[CentOS] Re: Is a new HP-dl380 dual XEON 64 bit or 32 bit -- AMD64 v. EM64T

Thu Jun 16 03:21:09 UTC 2005
Bryan J. Smith <b.j.smith at ieee.org>

On Wed, 2005-06-15 at 22:39 -0400, Peter Arremann wrote:
> <even more anal>Except the iommu, those are limitations of chipset, bus and 
> whatever, not EM64T.</even more anal> 

Yes and no.  In fact, it has to do with the fact that Intel is still
relying on a chipset to do what most everyone else is doing at the CPU
interconnect.  Even the original Athlon MP moved many details into the
CPU.  Much of this was forced by the crossbar switch of Alpha EV6,
because the CPU can't be segmented from the interconnect aspects if you
use multiple connections.

The legacy concept that the CPU is independent of the interconnect is a
viewpoint only realized by largely Intel today.  When you say "chipset"
-- the context is completely different between AMD and Intel.  In AMD,
the "chipset" is rather generic and largely glueless.  With Intel, you
can only have *1* point between the CPU and the "memory hub."

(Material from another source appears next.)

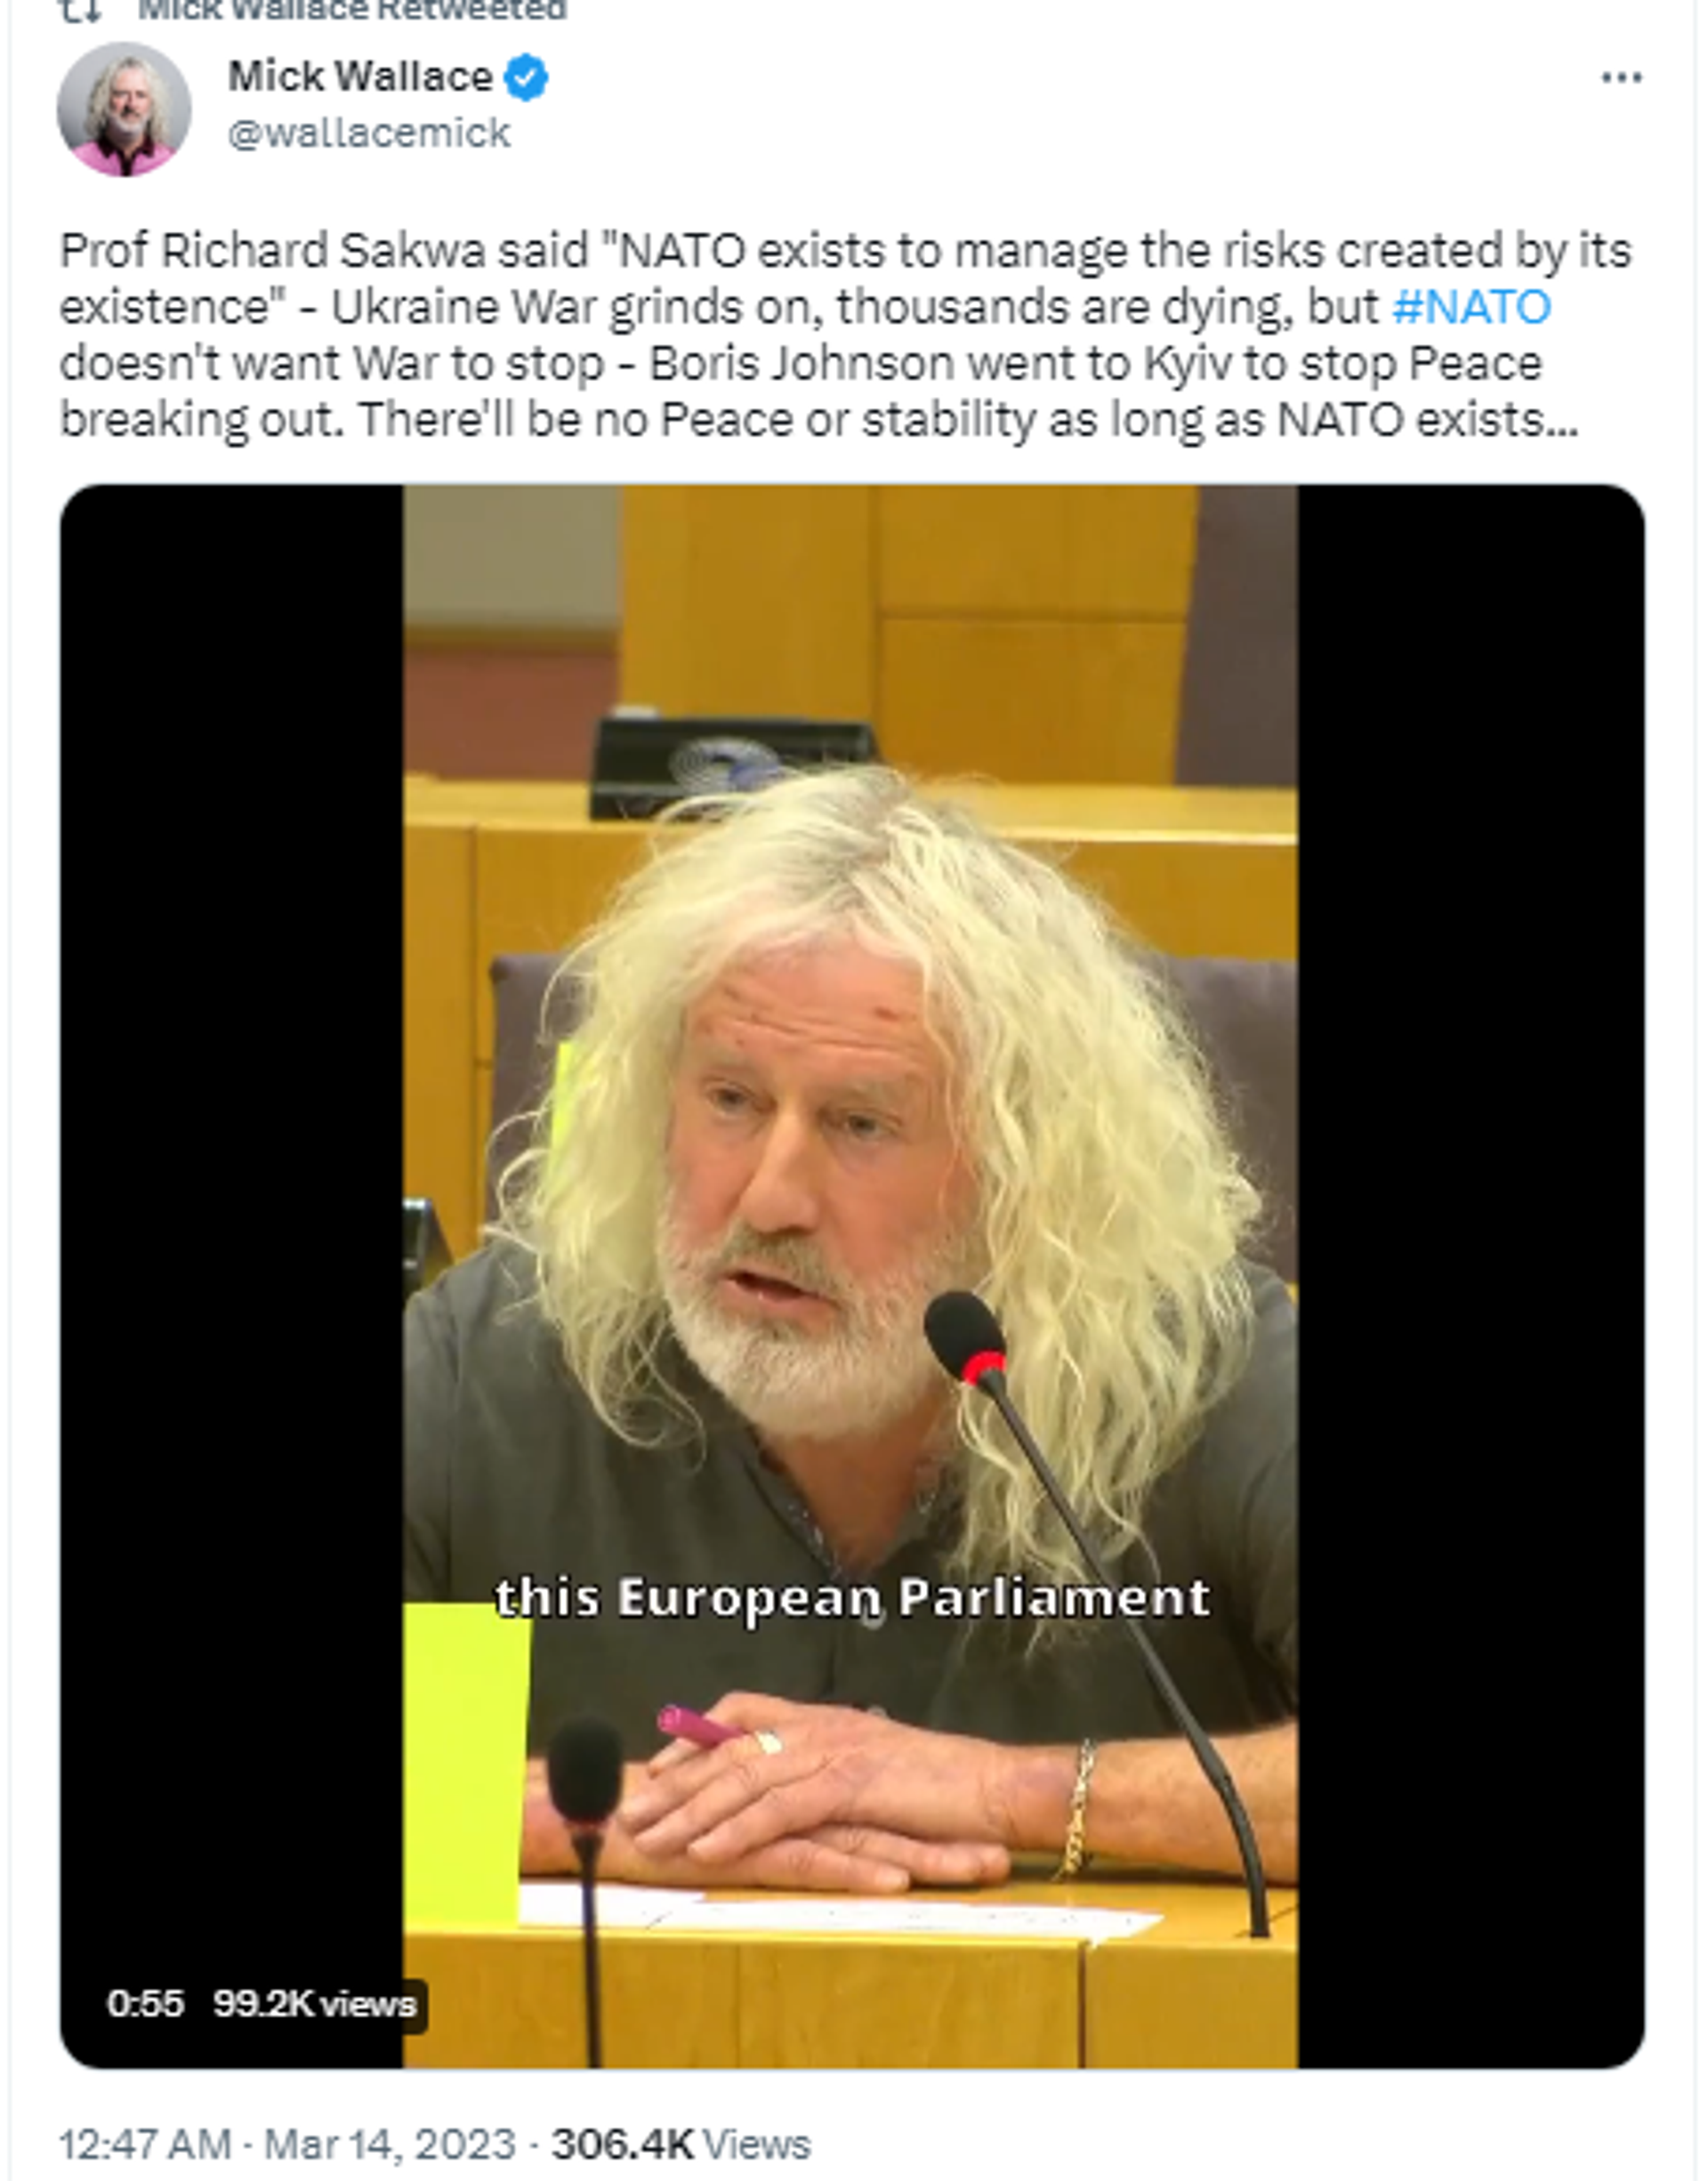 Screenshot of Twitter post by Michael Wallace, an Irish politician and a Member of the European Parliament (MEP) from Ireland. - Sputnik International, 1920, 19.03.2023

> EV6 is what slot/socket A was all about... The Athlon64 and Opteron (which 
> just happen to implement the AMD64 instruction set) use HyperTransport.

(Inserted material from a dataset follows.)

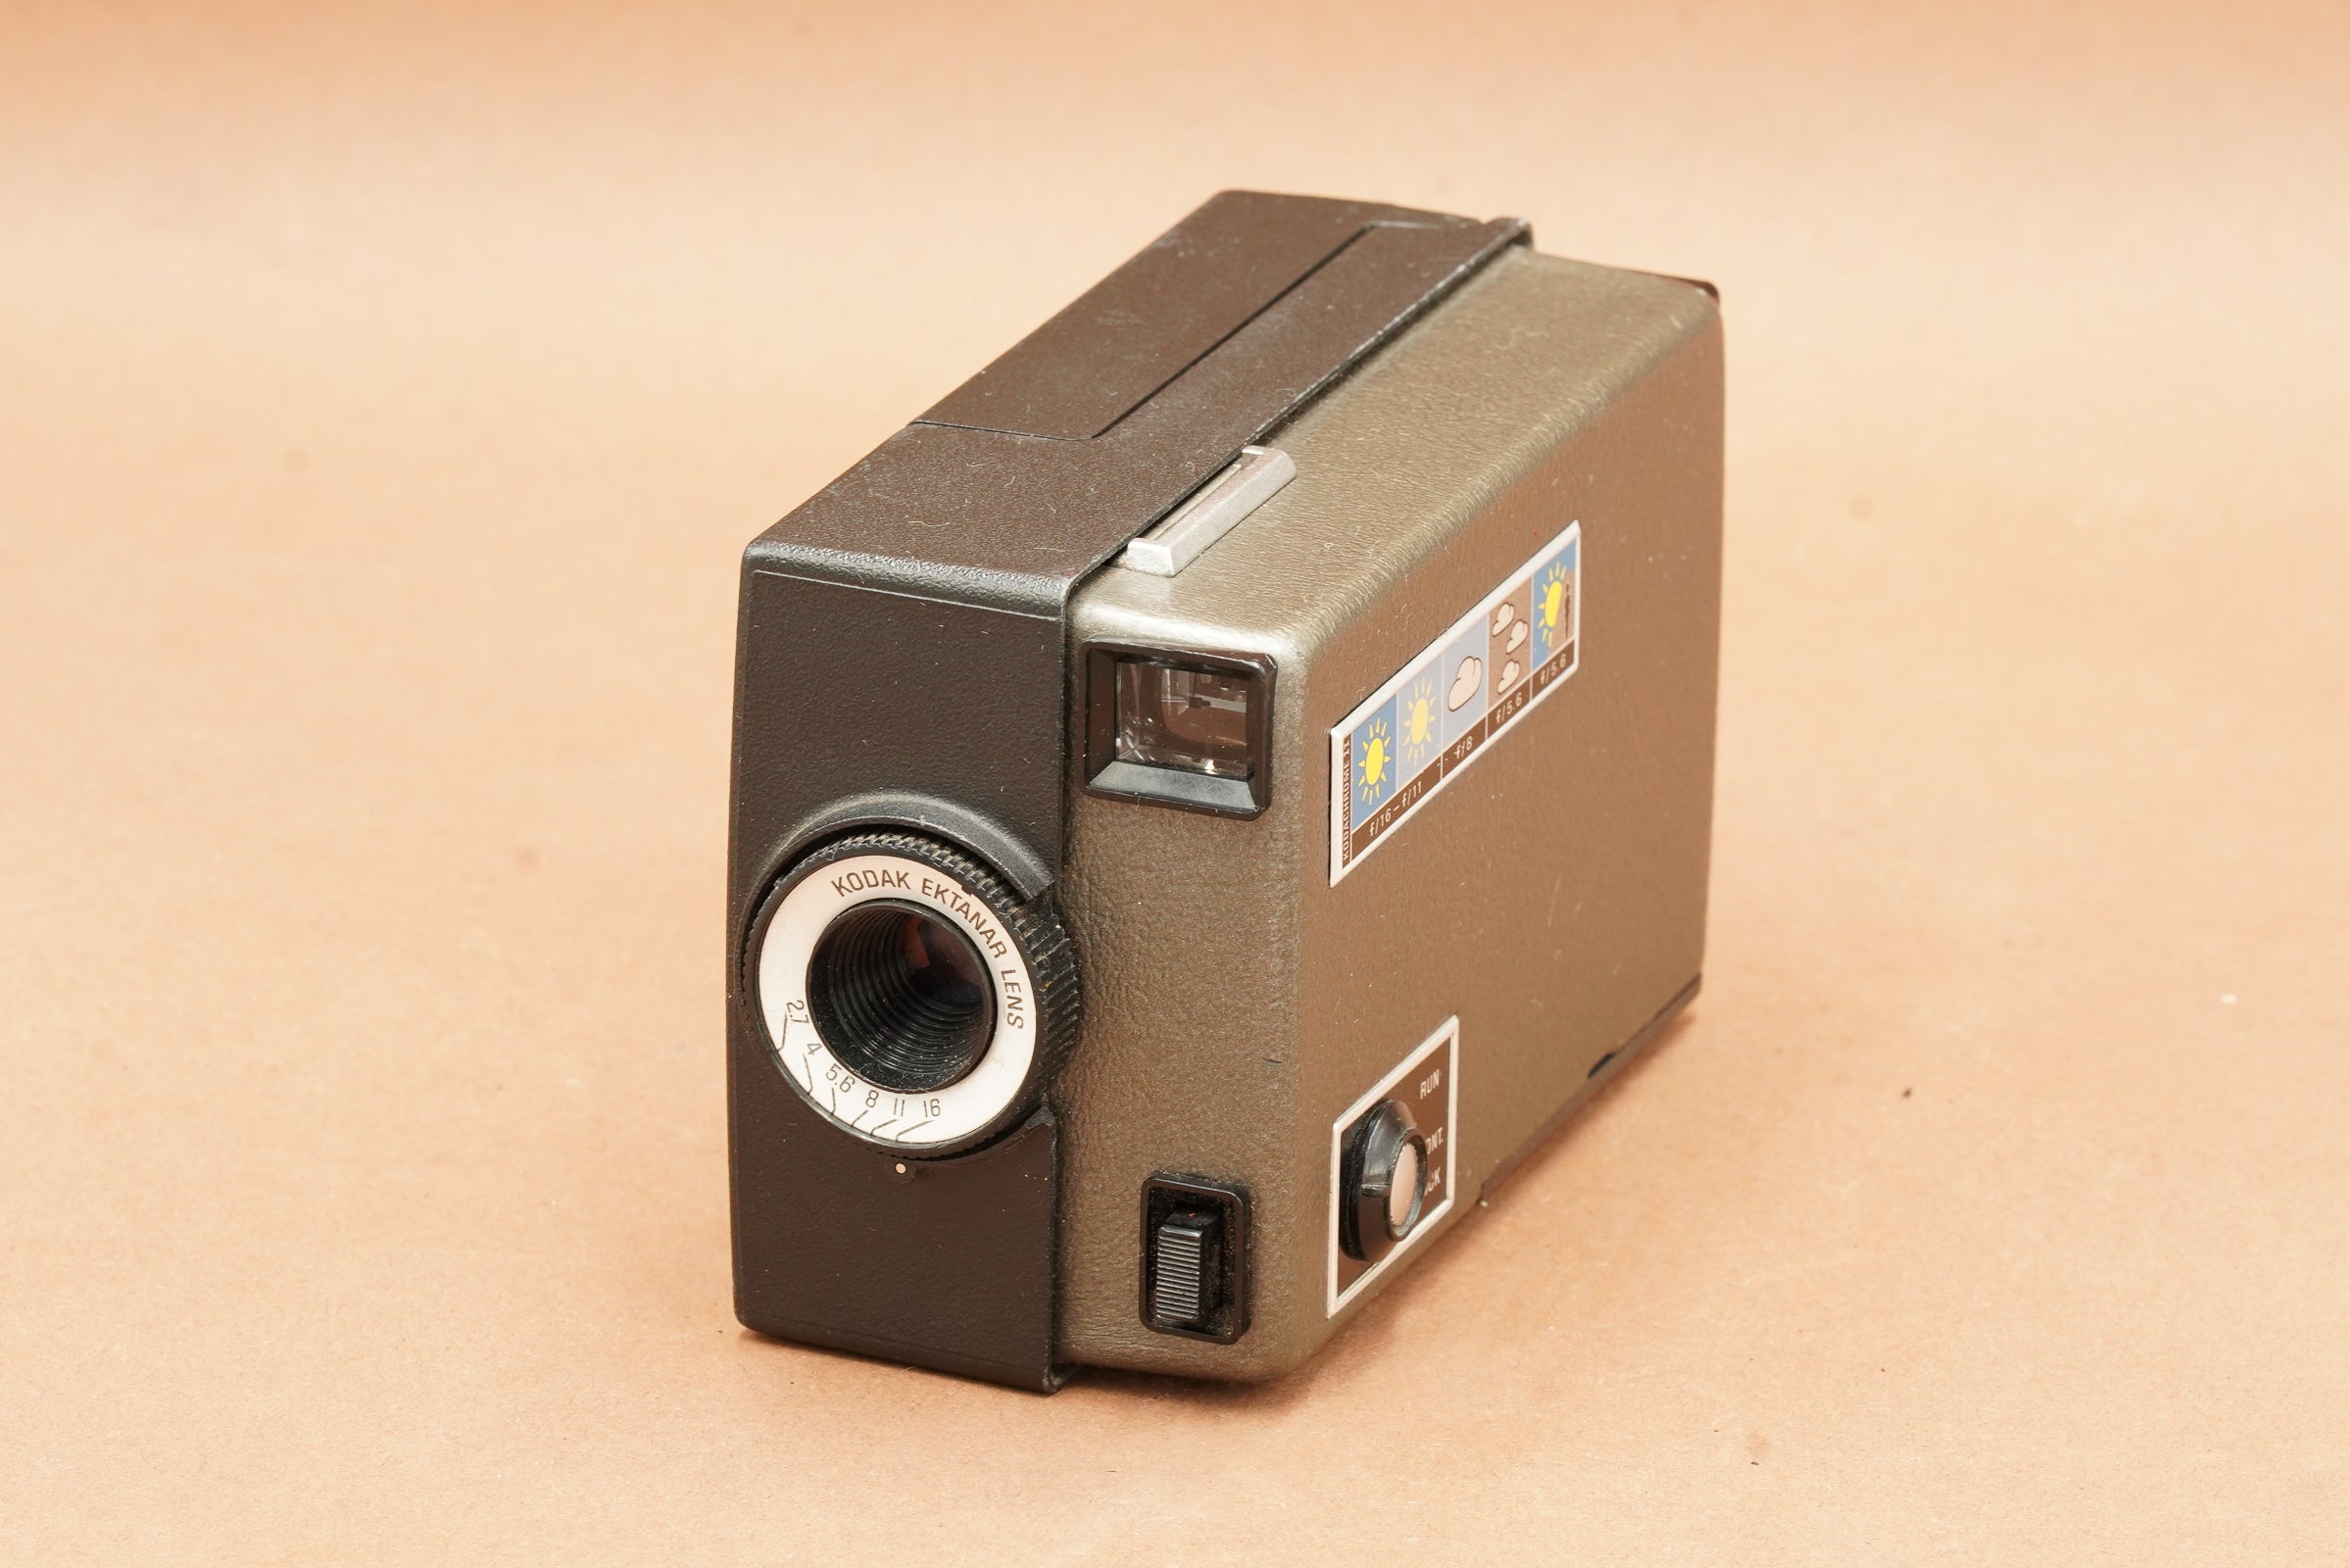 ON SALE ! KODAK Instamatic M12 film camera for DISPLAY/PROP

They only use HyperTransport as a generic transport between other
HyperTransport devices -- be it another CPU or HyperTransport
tunnel/bridge.  But the addressing to both memory as well as virtualized
over HT in the AMD64 platform is very much 40-bit EV6.

In other words, EV6 is at the heart of addressing outside the AMD64 CPU,
just like on 32-bit Athlon before it (which was also capable of 40-bit,
at least in the Athlon MP, long story).

> The instruction set has nothing to do with the interconnect - PowerPC and
> a whole bunch of other very use specific chips use hypertransport. 

Not true.  PowerPC implementations, like the 970, that use
HyperTransport do _not_ use it to the CPU.  They still use an Intel like
"memory hub" and single-point-of-contention.  I.e., they only use it as
a system interconnect for I/O, but not CPU itself.  They use their own
bus for CPU/memory.

Same deal for inter-bridge connections between chipsets in even AGTL+
platform like in nVidia and SiS chipsets.  The value of HyperTransport
is not realized.  There is still only a _single_ point on interconnect
to the CPU(s).

Athlon64/Opteron is the first, commodity platform to bring something of
"partial mesh" to the system interconnect.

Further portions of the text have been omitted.